= Dalit Warshaw =

American composer, pianist and thereminist (b.1974)

Dalit Hadass Warshaw (born August 6, 1974) is a New York-based composer, pianist, and thereminist. Previously on the composition and music theory faculty of Boston Conservatory, she currently serves on the composition faculty at Juilliard and CUNY-Brooklyn College. Her works have been performed by dozens of orchestral ensembles, including the New York Philharmonic and Israel Philharmonic Orchestras (Zubin Mehta conducting), the Boston Symphony, the Cleveland Orchestra, the Houston Symphony, the Y Chamber Orchestra, the Colorado Symphony and the Albany Symphony Orchestra. In April 2006, her piece After the Victory for orchestra and chorus, was premiered by the Grand Rapids Symphony and the North American Choral Company. Her first recording, entitled "Invocations" was released by Albany Records in 2011. Her first piano concerto, Conjuring Tristan, was commissioned by the Grand Rapids Symphony in 2014. The work was inspired by Richard Wagner's Tristan und Isolde, as well as by Thomas Mann's novella Tristan. The piece received its world premiere in January 2015, with Warshaw as the soloist.

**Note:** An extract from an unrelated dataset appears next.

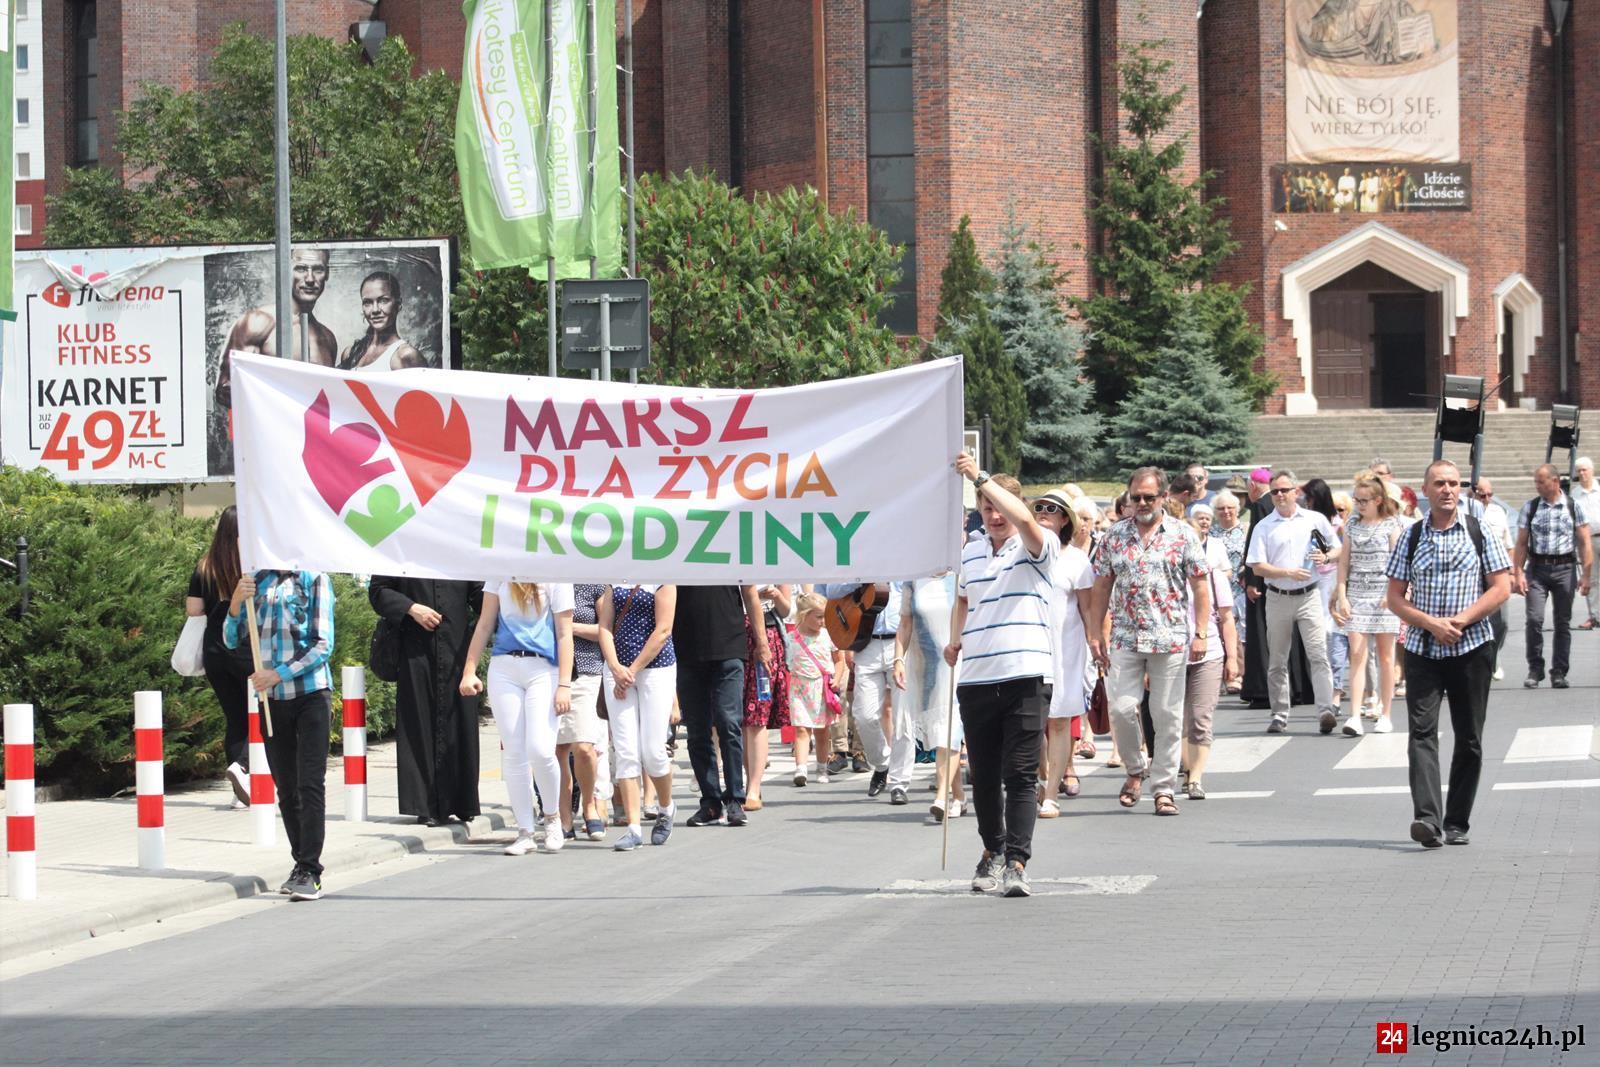 (FOTO) X Marsz dla życia i rodziny wyruszył spod kościoła Matki Bożej Królowej Polski

Warshaw obtained a doctorate in music composition from the Juilliard School in 2003, where she taught courses in instrumentation and advanced orchestration in its Evening Division from 2000 to 2005. During the 2003-04 academic year, she served as Visiting Professor of Composition at Middlebury College, and as composer-in-residence at the Bowdoin International Music Festival in July 2004. Her teachers include such notable composers as Samuel Adler, Milton Babbitt, David Del Tredici, and Jacob Druckman.

Warshaw was the recipient of numerous awards and grants include five Morton Gould Young Composers Award from the ASCAP Foundation, two BMI Award for Student Composers (she became the youngest person ever to win the BMI Award in 1984 with her orchestral piece Fun Suite, written at the age of eight), the New Juilliard Ensemble Composers Competition, a Fulbright Scholarship to Israel, a Whitaker Reading by the American Composers Orchestra, and a Charles Ives Scholarship from the American Academy of Arts and Letters. Other awards received include four ASCAP Foundation Grants to Young Composers, the Cincinnati Symphony Orchestra Young Composers Competition, the Juilliard Student Composers Competition and a Fromm Music Foundation Grant from Harvard University. She has held residencies at the Yaddo and MacDowell Artist Colonies and at the Virginia Center for the Creative Arts.

As a pianist, Warshaw has performed widely as both soloist and chamber player, in concert spaces such as Avery Fisher Hall, Miller Theater, the Juilliard Theater, Merkin Hall and Steinway Hall. Her teachers have included Martin Canin, Jonathan Feldman, Yocheved Kaplinsky and Ruti Hadass Warshaw.

Warshaw has also appeared as thereminist with the New York Philharmonic, the American Composers Orchestra, American Symphony Orchestra, the Royal Stockholm Philharmonic, Boston Symphony Orchestra, Boston Modern Orchestra Project, San Francisco Symphony, and with the New York Festival of Song. Having studied theremin with the renowned Clara Rockmore from an early age, she has also performed on the instrument in spaces such as Carnegie Hall, the LA Philharmonic's Disney Hall, and Lincoln Center's Paul Hall, the Juilliard Theater, Alice Tully Hall, and at Bargemusic.

Warshaw was named a 2016 Guggenheim Fellow in April 2016.